I've changed a bunch of stuff, but I think it is in general pretty straight forward.

In terms of reviewing this, I would suggest starting with the README.
That explains the proposed structure best.

Then have a look at the newly generated HTML file in docs/input4mips_datasets.html.
I think this is a much more helpful database to search for a bunch of reasons, most notably you can now see which variables are provided by each dataset (which is handy if you don't need every variable provided by a data provider, for example no-one uses all 43 of our greenhouse gases).
As part of this check, you should also be able to verify that the script in src/jsonToHtml.py has been updated to work with the proposed structure.

The changes to the CVs themselves are generally trivial.
The exception is clearly source ID, which I have split into:

source ID information that we need from the data producer
- data producers would be responsible for this
the database of datasets i.e. entries for each dataset that are complete (and include information like variable ID, grid etc.)
- you/I would be responsible for this, because all of the ESGF keys require access to the ESGF to handle correctly

You will also notice that I do not have all of the datasets that you previously had in source ID.
My lack of access to the APIs which you are using means that I can't re-create the list that you had unfortunately.
Having said that, I hope that updating the entries to meet the new format is trivial.
If it's not, I'm happy to help out/see if there are ways to get the same information without hitting the same API.

durack1 · 2024-07-11T16:03:12Z

You will also notice that I do not have all of the datasets that you previously had in source ID.
My lack of access to the APIs which you are using means that I can't re-create the list that you had unfortunately.

FYI, the output of this API scrape is in https://github.com/PCMDI/input4MIPs_CVs/blob/main/src/240701_2137_comp.json.7z - and I can easily update that as required

durack1 · 2024-07-11T17:25:26Z

@znichollscr pulled your branch into this repo so we can see side-by-side - https://github.com/PCMDI/input4MIPs_CVs/tree/20240710-zn-proposal

znicholls · 2024-07-11T18:01:11Z

As an FYI, you can compare across forks too main...znichollscr:input4MIPs_CVs:20240710-zn-proposal

znicholls · 2024-07-11T19:56:58Z

FYI, the output of this API scrape is in https://github.com/PCMDI/input4MIPs_CVs/blob/main/src/240701_2137_comp.json.7z - and I can easily update that as required

Feel free to update your scripts too.
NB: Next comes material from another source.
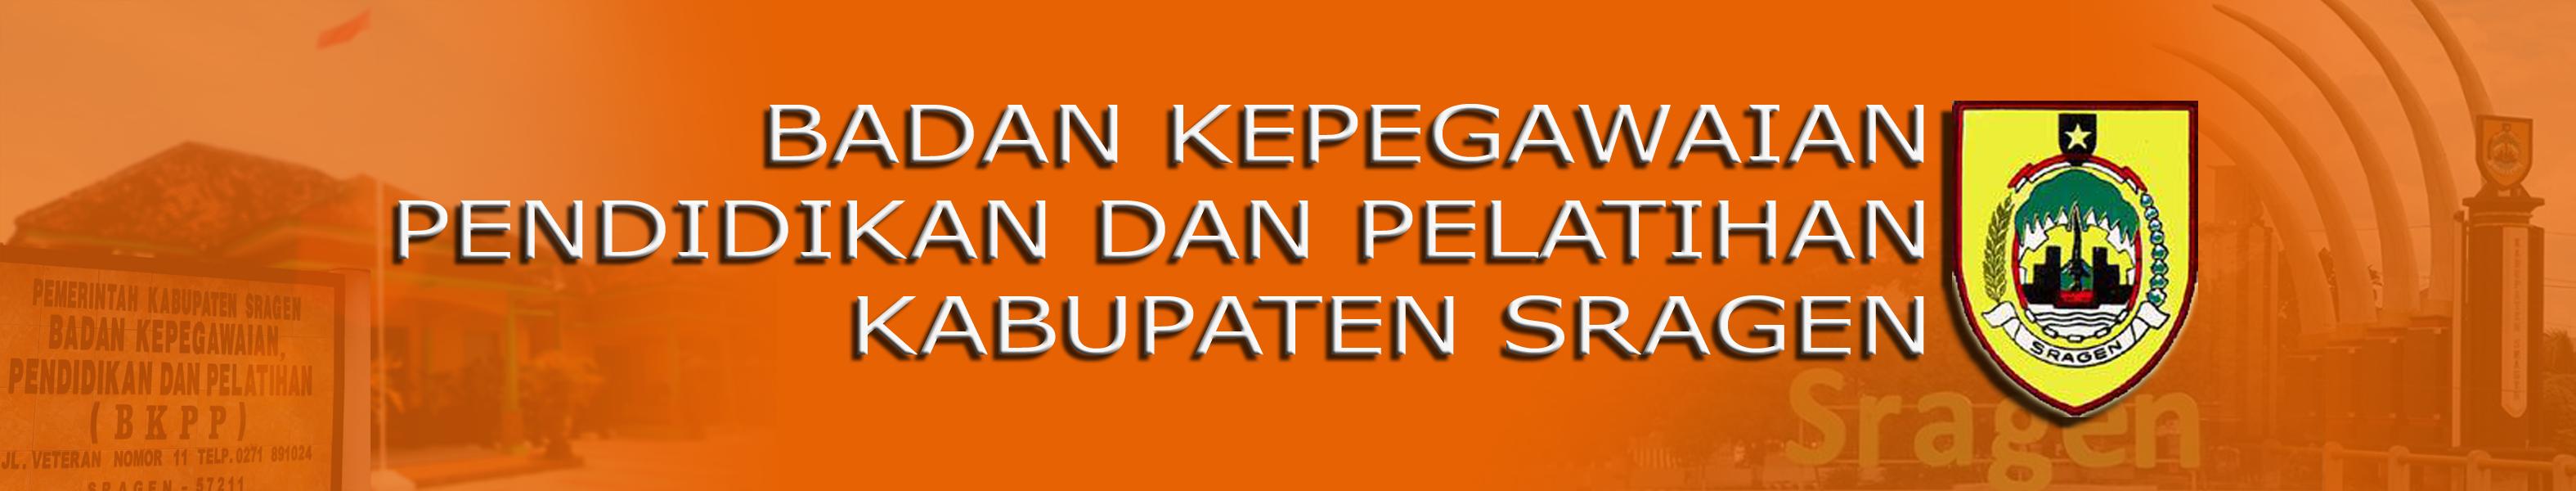 BKPP SRAGEN

I wanted to see what would happen, so I've also updated the HTML so it now includes all the entries you had previously plus the ones I generated based on this proposal (i.e. what I've processed for CMIP6Plus).

durack1 · 2024-07-11T20:02:25Z

As an FYI, you can compare across forks too main...znichollscr:input4MIPs_CVs:20240710-zn-proposal

As I was keen to eyeball the input4mips_datasets.html file, easier if I have a branch local, and I can just keep fetching the latest

durack1 · 2024-07-11T20:03:56Z

FYI, the output of this API scrape is in https://github.com/PCMDI/input4MIPs_CVs/blob/main/src/240701_2137_comp.json.7z - and I can easily update that as required

Feel free to update your scripts too. I wanted to see what would happen, so I've also updated the HTML so it now includes all the entries you had previously plus the ones I generated based on this proposal (i.e. what I've processed for CMIP6Plus).

My scrape intentionally targeted the source_id entries only, so toggles through all files, but only returned a single file entry per source_id - and some of these are not representative for the "whole" dataset (~100s of files) - as an FYI https://github.com/PCMDI/input4MIPs_CVs/blob/main/src/getInput4MIPsESGF.ipynb is doing that work

znichollscr · 2024-07-12T06:12:04Z

As I was keen to eyeball the input4mips_datasets.html file, easier if I have a branch local, and I can just keep fetching the latest

Ah ok got it. I'll see if I can work on the branch in this repo then (I think I have permission...). (As an FYI, you can also fetch locally from someone else's fork.)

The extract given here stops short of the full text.